Hildegarde ouvre donc ses visions par la Trinité sainte ; l'Éternité, le Verbe,
le Souffle sont ici figurés signifiant que Dieu est Vie et qu'il est Amour.
L'énergie suprême, l'énergie ignée, a suscité la création de l'homme, lequel
naît corps, âme, esprit. Tout procède de cette vie libérant une triple énergie
d'amour dont l'homme est reflet. L'ensemble est exprimé avec une vivacité,
avec le sens d'une beauté dont la visionnaire souligne qu'elle se trouve à la
limite de ce que l'homme peut contempler. Elle-même, dans le cadre qui la
représente sous l'image pleine page, ouvre sur cette vision des yeux
extasiés.
"Au dessus du chef de ladite figure se faisaient face les sept planètes : trois
dans le cercle du feu de lumière, une dans la sphère du feu noir, trois dans le
cercle de pur éther. Toutes les planètes rayonnaient en direction des têtes
d'animaux et de la figure de l'homme. Le cercle du feu lumineux englobait
seize étoiles principales, quatre entre les têtes du léopard et du lion, quatre
entre celles du loup et du lion, quatre entre celles du loup et de l'ours, quatre
entre celles de l'ours et du léopard. Huit d'entre elles occupaient une
position intermédiaire, et elles s'assistaient l'une l'autre : elles étaient situées
entre les têtes et elles s'envoyaient l'une l'autre leurs rayons qui frappaient la
couche d'air mince. Les huit autres à côté des autres têtes d'animaux,
frappaient de leurs rayons les nuages qui s'étendaient en face d'eux.
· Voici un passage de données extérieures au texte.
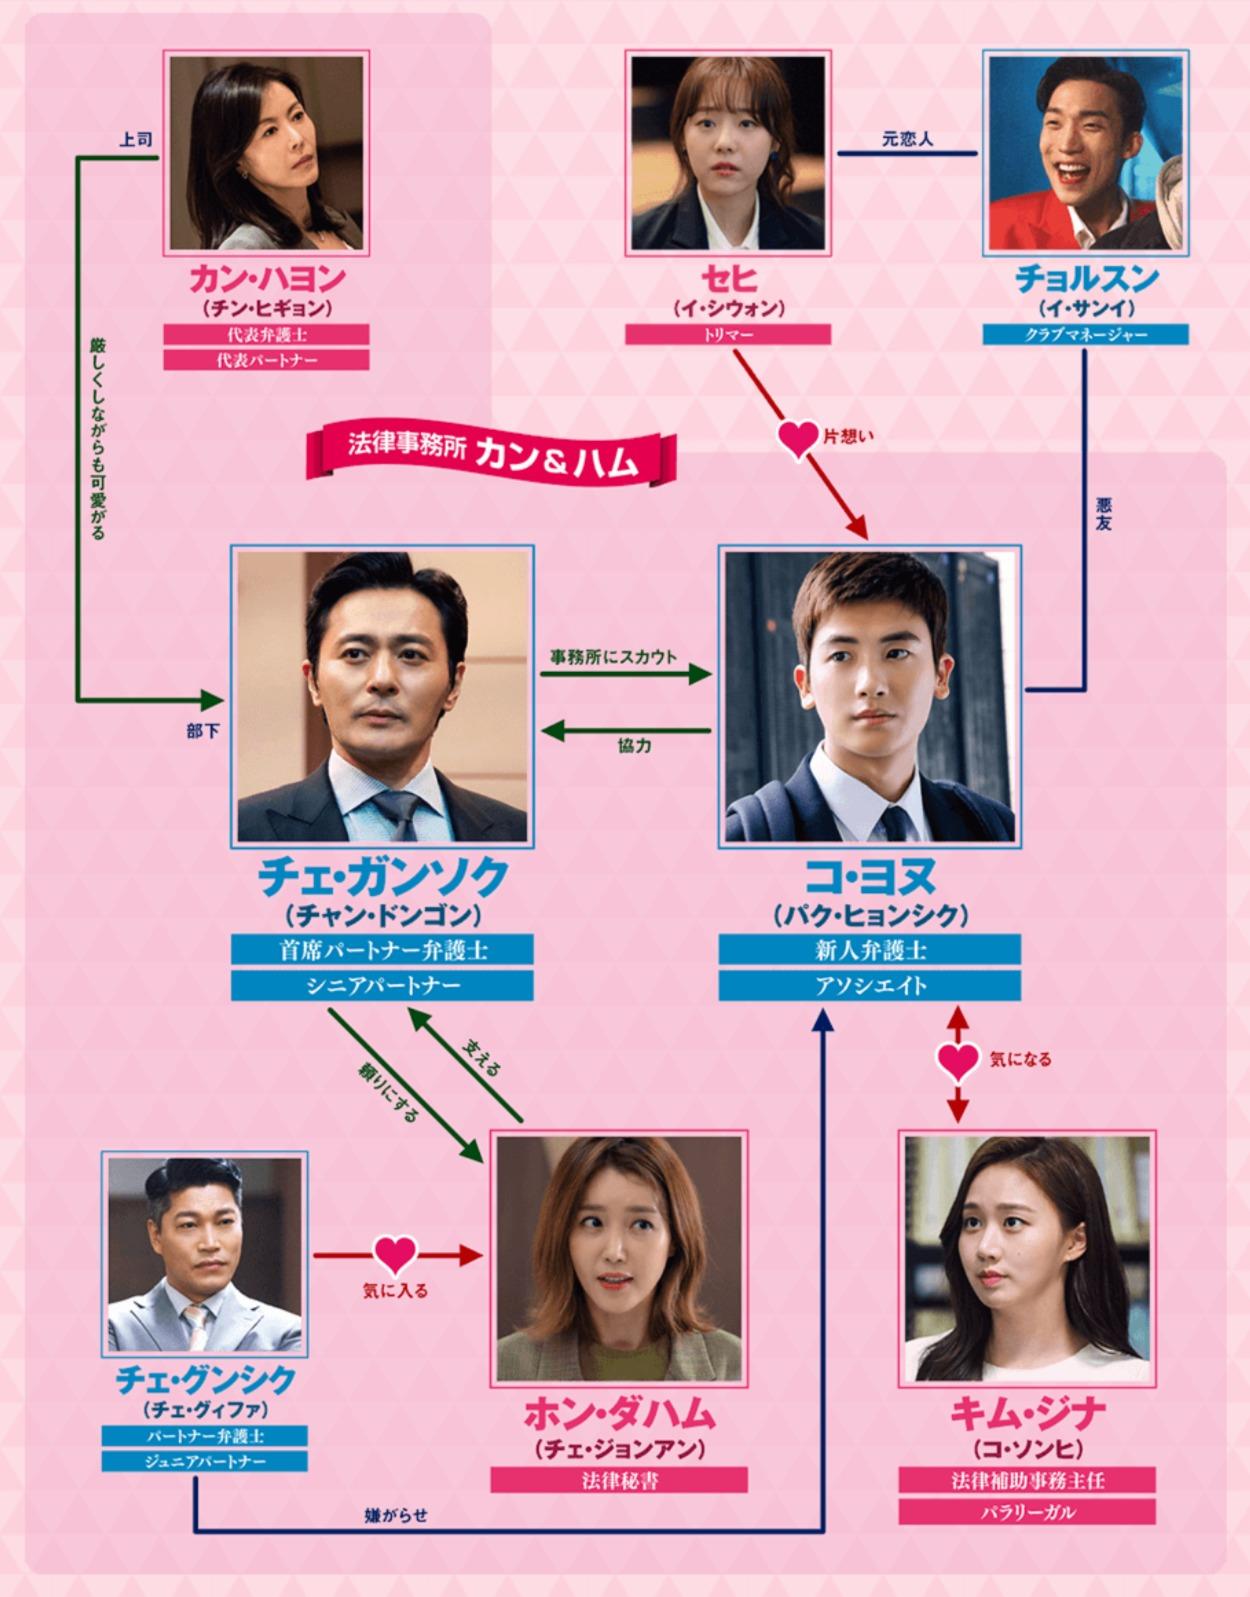 韓国ドラマ『SUITS/スーツ~運命の選択~』登場人物相関図(関係図)

Dans la
partie droite de l'image, deux langues, distinctes l'une de l'autre, formaient
comme deux ruisseaux qui se déversaient sur la roue et la figure humaine. Il
en allait de même sur la gauche : c'était comme un bouillonnement de rus. "
Après avoir énuméré tout ce qui dans la nature influence ainsi ce dernier, le
soleil, la lune, les planètes, Hildegarde a une réflexion pour l'homme lui-
même. " Quant à toi, homme qui vois ce spectacle comprends que ces
phénomènes concernent également l'intérieur de l'âme. " Ces interactions
des éléments naturels et des tendances de l'homme se retrouvent dans les
autres ouvrages d'Hildegarde d'ordre résolument médical. Elle pousse ici
très loin ses comparaisons. " Aux quatre vents principaux correspondent
quatre énergies au sein de l'homme : la pensée, la parole, l'intention et la vie
affective. De même que chaque vent peut envoyer son souffle vers la droite
ou vers la gauche, de même l'âme escortée de ces quatre énergies peut, par
la science naturelle atteindre la partie qu'elle désire en choisissant tantôt le
bien, tantôt le mal. " Et de comparer au vent du midi, celui qui apporte la
chaleur, " les pensées bonnes et saintes qu'attise, grâce au feu de l'Esprit
saint, le zèle d'une pieuse intention ". Au contraire le vent d'ouest, qui est
froid, " désigne les pensées malhonnêtes et inutiles que ne réchauffe pas le
feu de l'Esprit saint, les œuvres froides et malhonnêtes ". Seul le vent du
nord " est inutile pour toute créature. Il a lui aussi deux ailes, dirigées l'une
vers l'orient l'autre vers l'occident. Elles désignent dans l'homme cette
science du Bien et cette science du Mal grâce auxquelles il considère en son
âme, comme en un miroir, ce qui est utile et ce qui est inutile. De même que
le firmament, supérieur et inférieur, régit la terre ".
L'ensemble des visions met ainsi l'accent sur une sorte d'unité cosmique qui
régit ou qui influence à la fois l'homme et le monde dans lequel il vit. C'est
ainsi que l'aquilon, le vent du nord, " est un vent dangereux, il est nocif pour
tout ce qu'il touche, son froid et sa rudesse touchent également le souffle
chaud qui descend doucement du soleil en déposant la rosée et qui produit
sur terre toute la viridité des fruits champêtres ". Nous abordons ici l'une
des notions favorites d'Hildegarde, la viridité, du latin viridis, vert,
vigoureux ; elle s'applique également à la nature et à l'homme, désignant
cette énergie interne qui fait pousser les plantes et par laquelle l'homme se
développe.
" Tous ces phénomènes, souligne Hildegarde, sont en rapport avec l'âme.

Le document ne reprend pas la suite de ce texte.